For my family, normal is living in foreign countries. We have been global workers for several decades and though I love and enjoy the life the Lord has given to me, there are times when living so far away from my family makes me wonder if this lifestyle is worth the sacrifice. Seldom am I home for birthdays, weddings, births, anniversaries, or funerals. Limited involvement with my family means reading about the celebrations and events weeks or months after they happen. Though I try not to feel too sorry for myself, there are times when I desperately wish I could be a part of those daily happenings of my family.

When the lonely feelings ambushed me, I would get my pictures out and tell my children stories of relatives they did not know. My children loved to hear stories of how, as a little girl, I spent summer days at my grandma’s house: the delicious Sunday dinners and the quiet times of just sitting on her front porch, drinking iced tea. As I related my stories to my children, my grandma lived again in my immediate life.

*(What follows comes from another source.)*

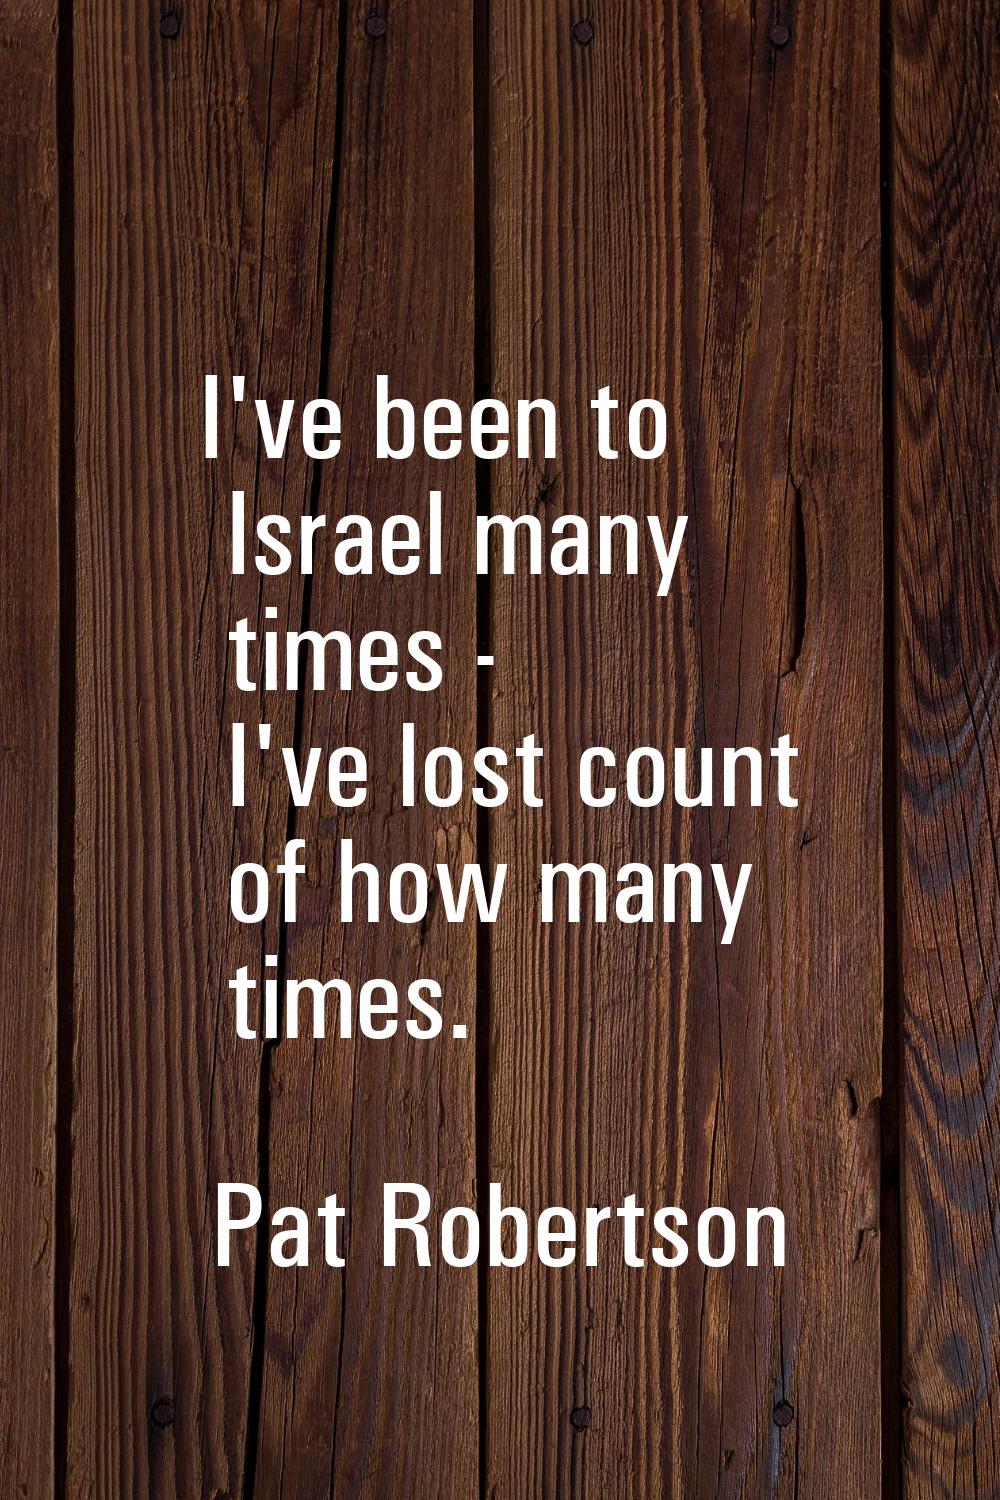 I've been to Israel many times - I've lost count of how many times.

My grandma was always around when I was growing up. She cooked huge Sunday dinners, made special cookies for me and constantly reminded me that I was special not only to her, but also to God. I can vividly see her sitting on the porch in the early evening, watching the hummingbirds drink from the feeder she never forgot to fill. She told me once when I was helping her mix the sugar solution for the feeder, that hummingbirds were her touch stone to the God of the Universe–a God so big and magnificent but with such a delicate nature He created tiny birds that hummed. If He took the time to do this, she knew He would take the time to care for her, too.

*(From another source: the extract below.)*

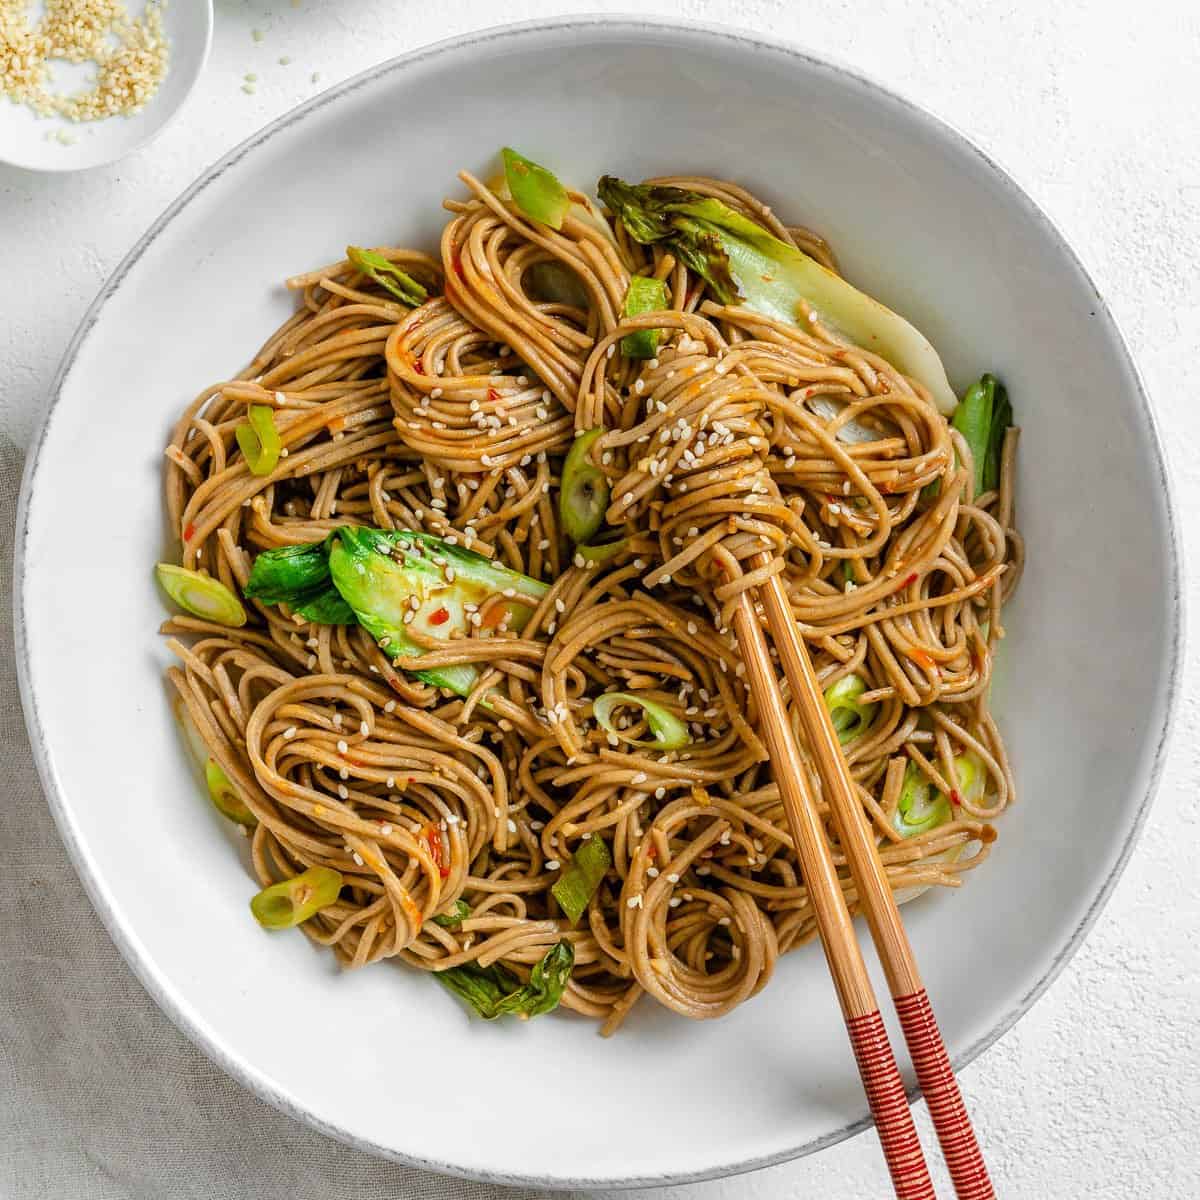 Spicy Garlic Soba Noodles with Bok Choy - This Savory Vegan

The faithfulness she learned from her Creator, she passed on to her family. My grandmother prayed faithfully for me from my birth and many times during rough storms and lonely, fearful days, I was comforted, knowing she prayed for me specifically.

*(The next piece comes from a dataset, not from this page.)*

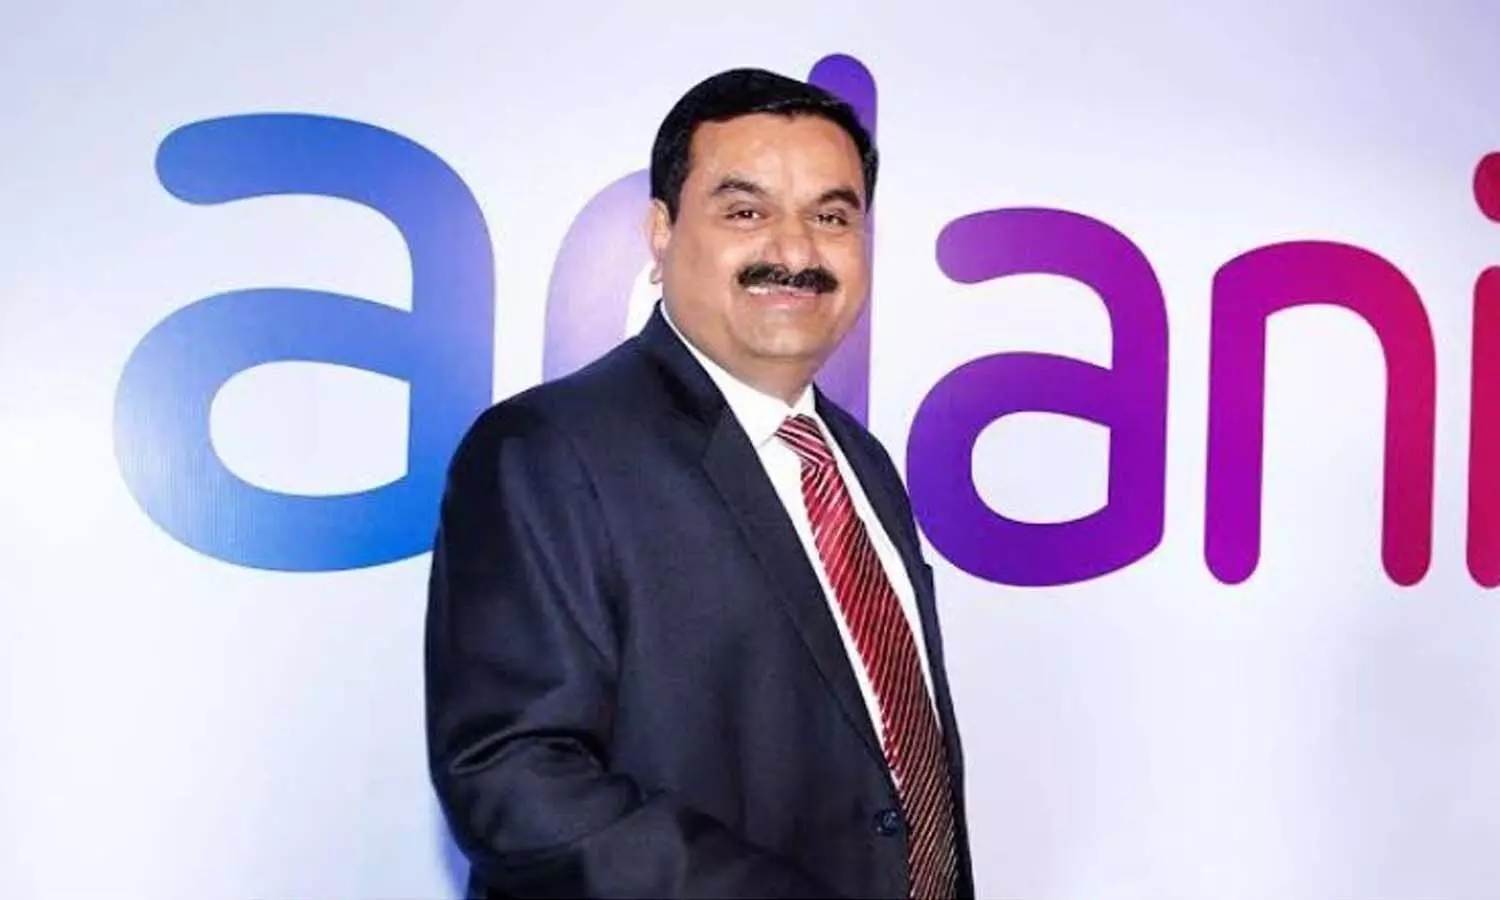 Adani Enterprises and Israel Innovation Authority sign MoU to develop cutting-edge tech solutions

The day I told her I was going to be a global worker in the Holy Land was a day I will never forget. She couldn’t stop hugging me and kept saying, “Praise the Lord! What a wonderful blessing God has given to me!” Over the next many years, I seldom saw my grandma and my short visits home could never replace those long evenings on her front porch. Her letters over the years were a constant source of inspiration and love that I never tired of reading and rereading. Then, she died.

My mother called me to say she had died quietly in her sleep after a minor stroke. Her funeral would be in three days. I told my mom how sorry and sad I was and to give everyone my love. I, of course, would not be able to attend. Three days later, my mom phoned again telling me how lovely and special the ceremony had been, especially when a hummingbird alighted on her coffin, remaining throughout the graveside service. I thanked my mom for letting me know and, with a very angry heart, hung up the phone.

For the next two weeks, I threw myself major pity parties. I bitterly recalled each event and occasion I had missed over the past years “serving the Lord,” duly noting them to the Lord so He would realize how slighted I felt.   A few weeks later as I looked through the mail, I saw an airmail letter and my heart stopped. It was from my grandmother.

Mail from the States sometimes takes a few weeks getting to us and this letter had been mailed the morning of my grandmother’s stroke. Looking at her familiar writing with thankfulness, I tore it open. She wrote about how much she missed my grandpa, who had died a few years earlier and that all she really wanted was to join him in “glory.” She was lonely and finding it more and more difficult to “drag her old bones out of bed each morning.” She ended her letter telling me how much she loved me and how she had felt so happy that morning as she prayed for me, knowing God had only wonderful things in store for me. Instead of her usual “God Bless and love you, Grandma” sign-off, she ended with, “See you in Glory, Bye, Grandma.”

I held her letter for a long time as tears streamed down my face. I may have missed her funeral, but I had just received a letter from heaven.